Paul Hess dans Reims pendant la guerre de 1914-1918, éd. Anthropos
Cardinal Luçon
Jeudi 7 – Nuit comme je viens de le dire. Journée tranquille. Aéroplanes ; nuit tranquille, contrairement aux craintes de bombardement.
Cardinal Luçon dans son Journal de la Guerre 1914-1918, éd. par L’Académie Nationale de Reims – 1998 – TAR volume 173
Juliette Breyer
Lundi 7 Juin 2015. Il y a eu un combat toute la journée d’hier. Ça devait être près de Soissons. Nous entendions la canonnade lointaine. Mais cette nuit c’était près de chez nous, à Bétheny. Les nôtres ont tiré sans arrêt ; nous n’avons pas dormi. Cela remue le cœur et nous fait penser à ceux qui nous manquent. Pourvu que le résultat soit bon ! C’est tout ce que j’ai à te dire aujourd’hui mon Charles mais je t’envoie de loin tous mes baisers.
Hortense Juliette Breyer (née Deschamps, de Sainte-Suzanne) - Lettres prêtées par sa petite fille Sylviane JONVAL
De sa plus belle écriture, Sylviane Jonval, de Warmeriville a recopié sur un grand cahier les lettres écrites durant la guerre 14-18 par sa grand-mère Hortense Juliette Breyer (née Deschamps, de Sainte-Suzanne) à son mari parti au front en août 1914 et tué le 23 septembre de la même année à Autrèches (Oise). Une mort qu’elle a mis plusieurs mois à accepter. Elle lui écrira en effet des lettres jusqu’au 6 mai 1917 (avec une interruption d’un an). Poignant.(Alain Moyat)
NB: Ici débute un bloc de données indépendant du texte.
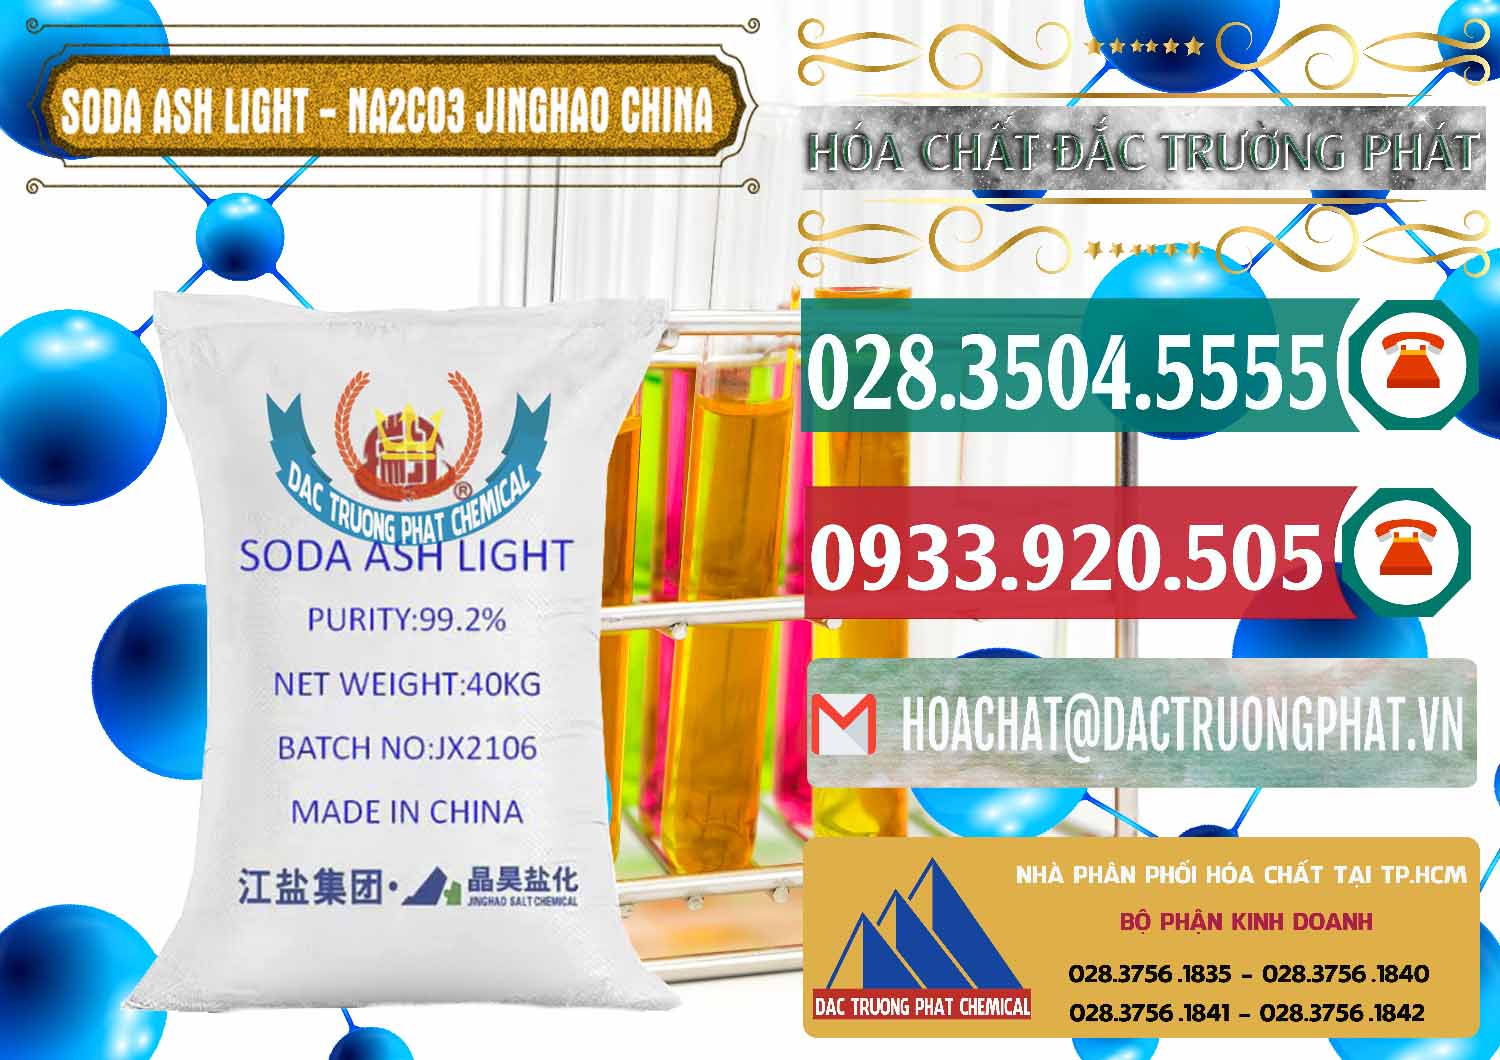 Cty chuyên bán và phân phối Soda Ash Light - NA2CO3 Jinghao Trung Quốc China - 0339 - Cty bán - cung cấp hóa chất tại TP.HCM - muabanhoachat.vn

Il est possible de commander le livre en ligne
Renée Muller
7 juin, j’oubliais de dire que j’ai entendu une forte canonnade du côté de Perthes, aujourd’hui, ça a l’air de recommencer nous voyons depuis 2 jours, BILBO MOLLEUX et hier LERAY, Noémie a été à Cormontreuil et ce matin encore
Renée Muller dans Journal de guerre d'une jeune fille, 1914
Lundi 7 juin
Le canon a tonné, après un long silence,au nord de l’Aisne. A l’est de Tracy-le-Mont, nous avons prononcé une attaque, et après un bombardement efficace, enlevé deux lignes de tranchées sur un front d’un kilomètre. Nous avons ensuite repoussé plusieurs contre-attaques et pris 200 hommes et trois canons. Combats d’artillerie sur les Hauts-de-Meuse et dans les Vosges.
Les Italiens activent la concentration de leur armée derrière les positions conquises du col de Stelvio à la mer. Ils ont bombardé la côte dalmate et endommagé la voie ferrée de Raguse à Cattaro.
Aux Dardanelles, les Franco-Anglais ont attaqué sur tout le front. Les Anglais ont occupé deux lignes de tranchées turques. Notre première division a enlevé la première ligne ennemie, la flotte donnant un concours efficace. Les pertes ottomanes sont élevées. Les forces alliées ont capturé plusieurs centaines d’hommes, parmi lesquels quelques Allemands.
La Bulgarie poursuit ses préparatifs militaires.